In the last session recorded in the book McCort using once again a dream reflects on the relationship between spirituality and analysis in his life. He understands that two earlier phases in his life one as a Catholic and the second as a Zen practitioner are now experienced as contained within the field of analysis. He says that he still is convinced that Enlightenment is the true purity and Zen one way of finding it but:

What I see through the clear transcendent eye of analysis, is the psychological truth of my earlier identifications with Catholicism and Zen, which is that basically I used one layer of repression, Zen, to ‘whitewash’ the earlier repressive layer of the Church, with its awesome power to alienate us from the body and its instincts.

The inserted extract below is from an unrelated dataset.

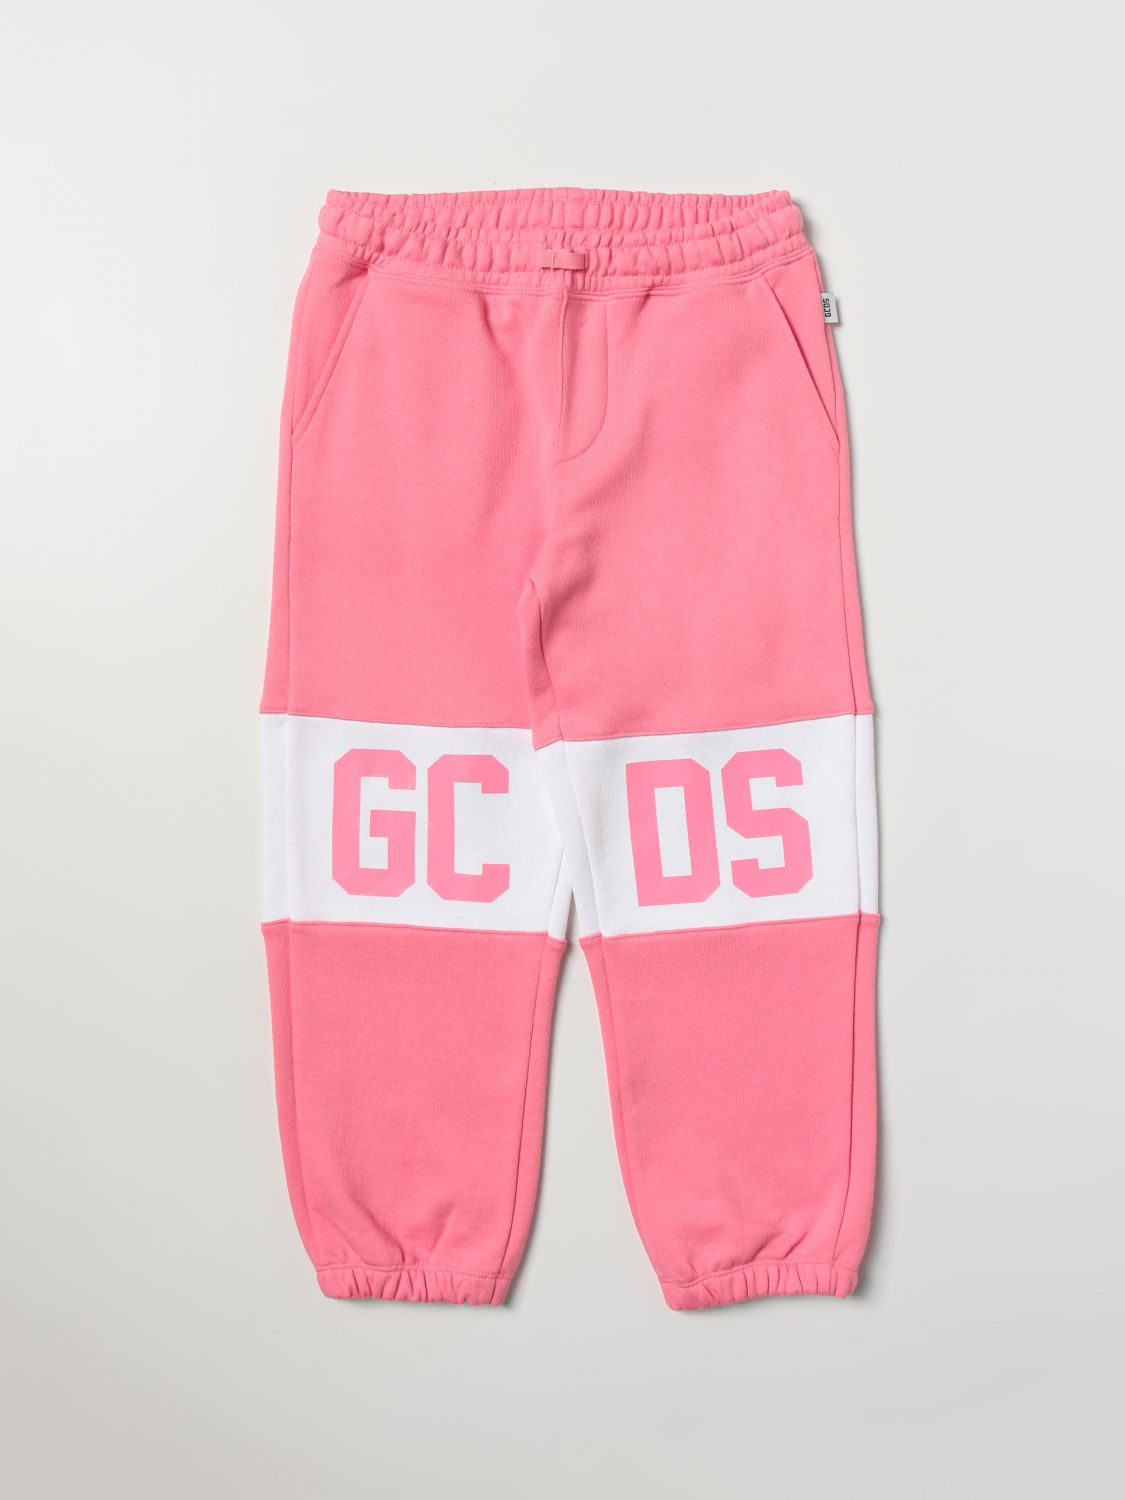 Gcds Trousers  Kids Kids Colour Pink

The analysis revealed these two to be empty attachments – just nothing at all. Clearing away a great deal of the psychological baggage reveals ‘the emptiness of one thing, and in so seeing to realize you’re already free of it, is to see the emptiness of everything’ – there’s no way back to the neurotic prison. Ironically the analysis gave McCort a steady access ‘to the vision of sunyata that Zen had promised, but, in my case at least, couldn’t deliver’.

In his conclusion McCort ruminates that although his analysis ended after 9 years there is no reason for the analytic cast of mind ever to end – why would one return to a state of unconsciousness? ‘Once you board this train, “the self-realization express,” you’ll never get off, nor will you ever want to, even if the formal part is done’. He writes that continuing to deepen consciousness is now the way he chooses to live ‘the good life’. Recognising that there will still be problems and ‘lifelong emotional entanglements with or without “symptoms” might be one reason, but also he sees it as a path for those in mid-life ‘who find themselves asking the question, “Is this all there is?”’ For continuing on “the self-realization express” train and in particular working on archetypal material from his dreams is giving McCort a feet in both worlds. Here he is meaning ‘the extraordinary within the ordinary’ or quoting Friedrich Schleiermacher, ‘the experience of the Infinite within the finite’.

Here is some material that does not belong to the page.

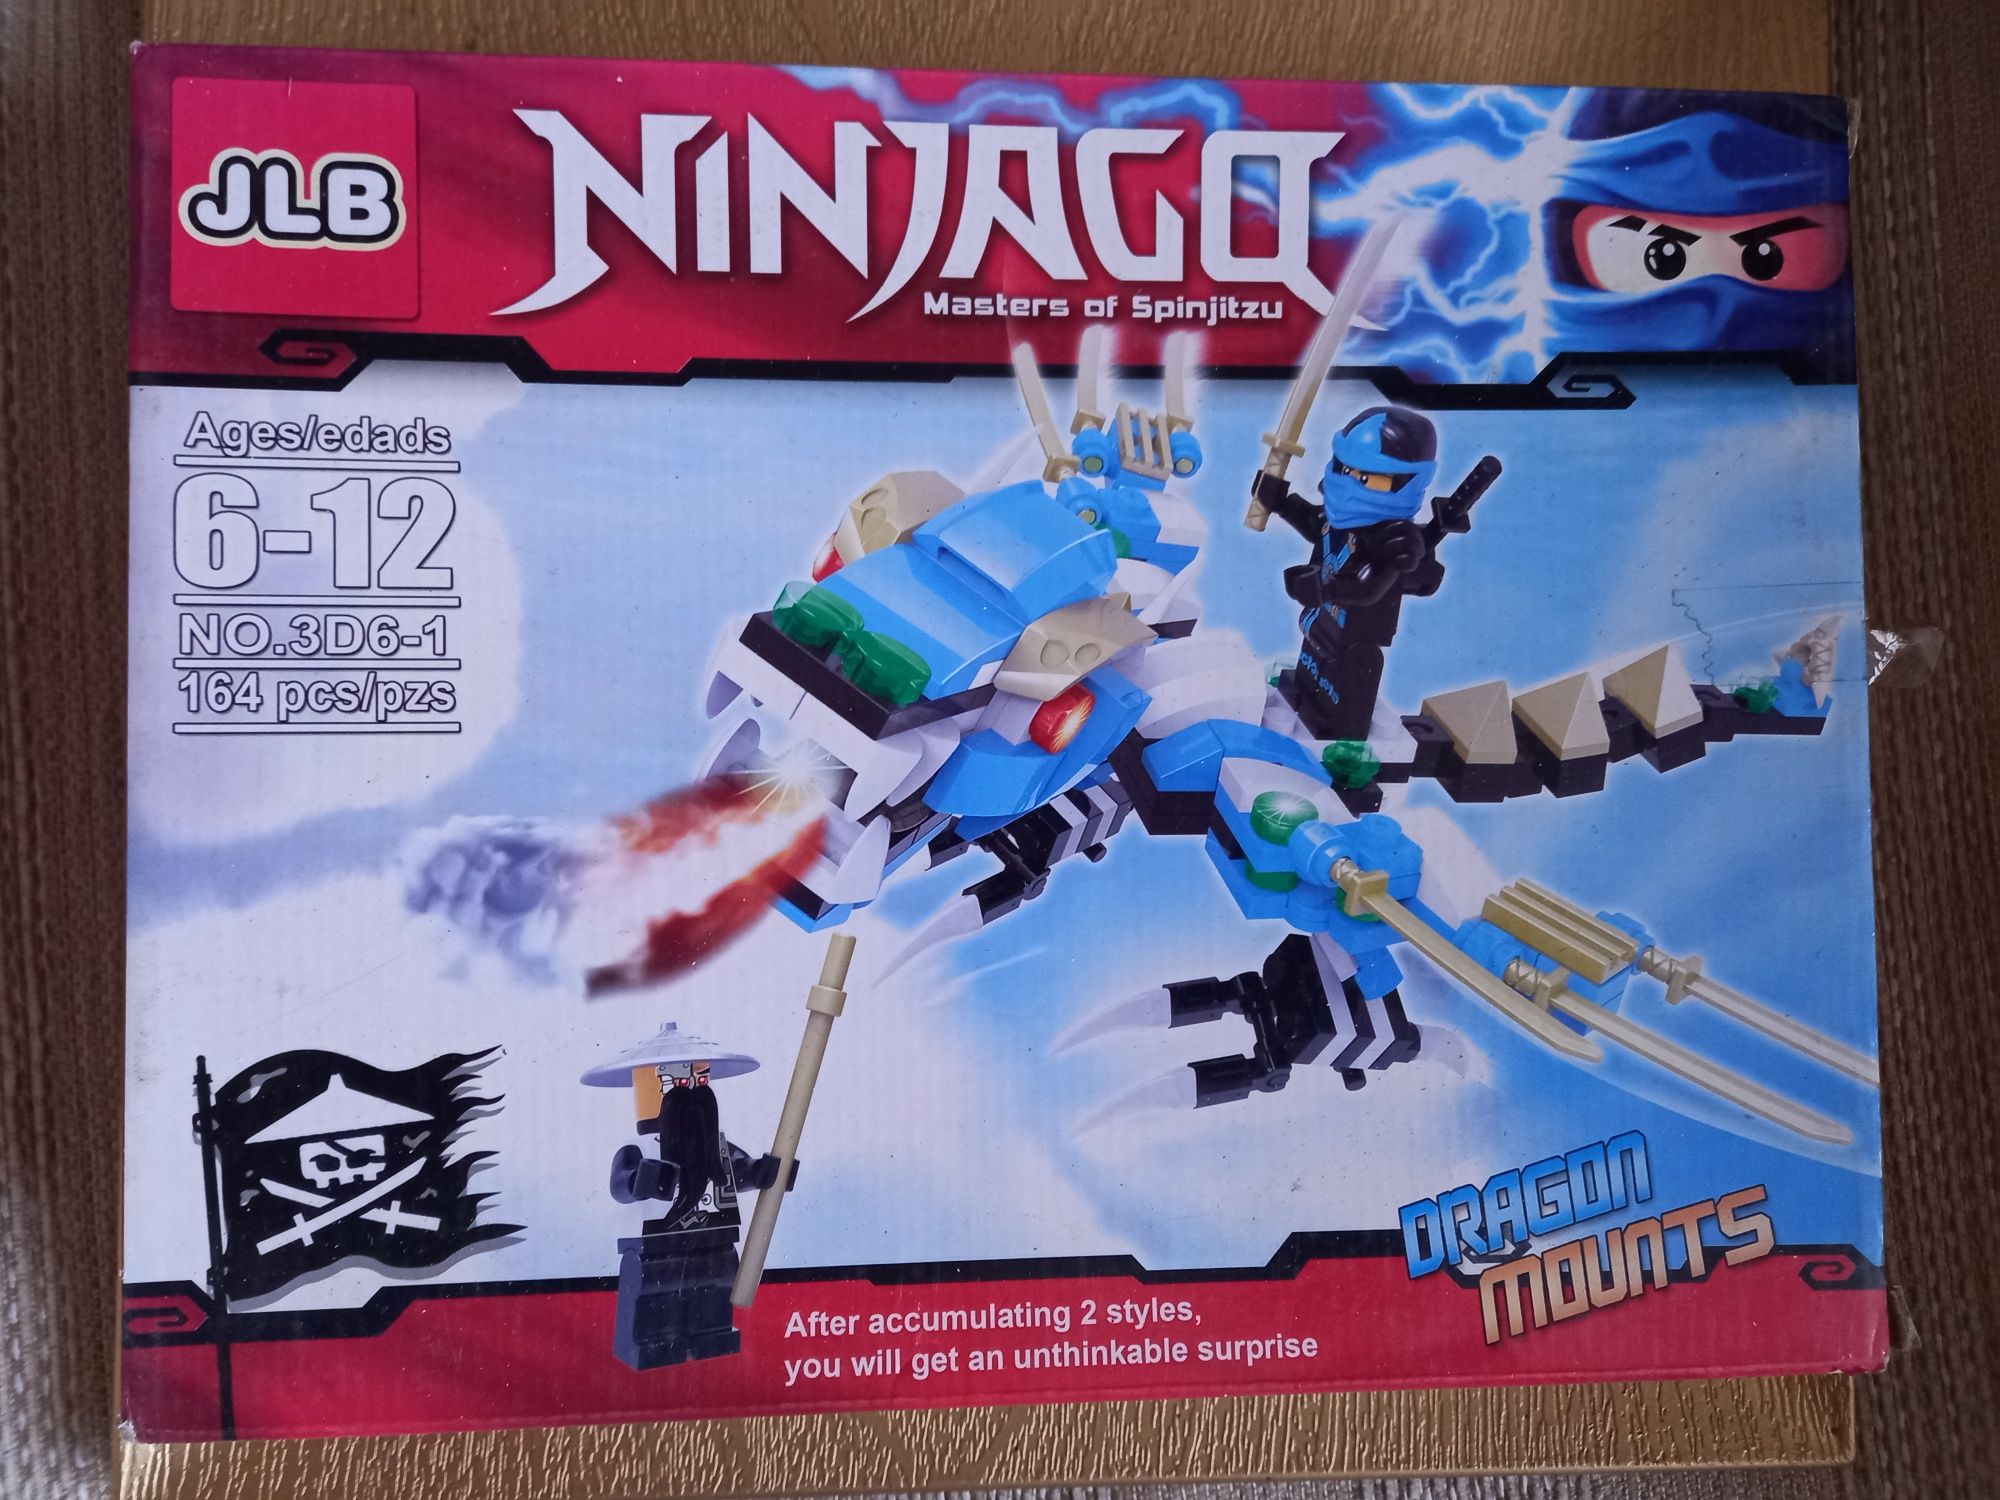 Лего нинджаго ninjago star wars  minions

Another way that he explains this ‘two-world’ consciousness is using Carl Jung’s ‘vertical’ distinction between the personal and the collective unconscious where using the Jungian idea of phases gives phases 1 and 2 of a psychoanalysis as confession and interpretation which tend to come under the ‘personal’ and phases 3 and 4 education and transformation under ‘collective’: ‘the latter comprising a mysterious abyss beneath and beyond the limited threshold of individual experience’. This is ‘the realm of the spiritual: bottomless, inexhaustible, it is, in its deepest depths, where what we call “God” is to be found.’

I’m reminded that Thomas Merton wrote that a good psychoanalysis with the right person could (as well as contemplative prayer can do) breakthrough all the layers of the false self to the true self – and beyond the personal unconscious; this is what this book describes.

 

Reflections on ‘A Kafkaesque Memoir’ (3)

In the account of the analysis Dennis McCort and Dr. P. work on long standing issues around guilt about sex and in one session the idea of transcendence from conflict is explored.

I found the following interpretation by Dr. P. to McCort helpful: ‘Transcendence just means the misery of conflict dissipates since there is no longer any attitude of attachment in you, with which you’re identified to keep it intact.’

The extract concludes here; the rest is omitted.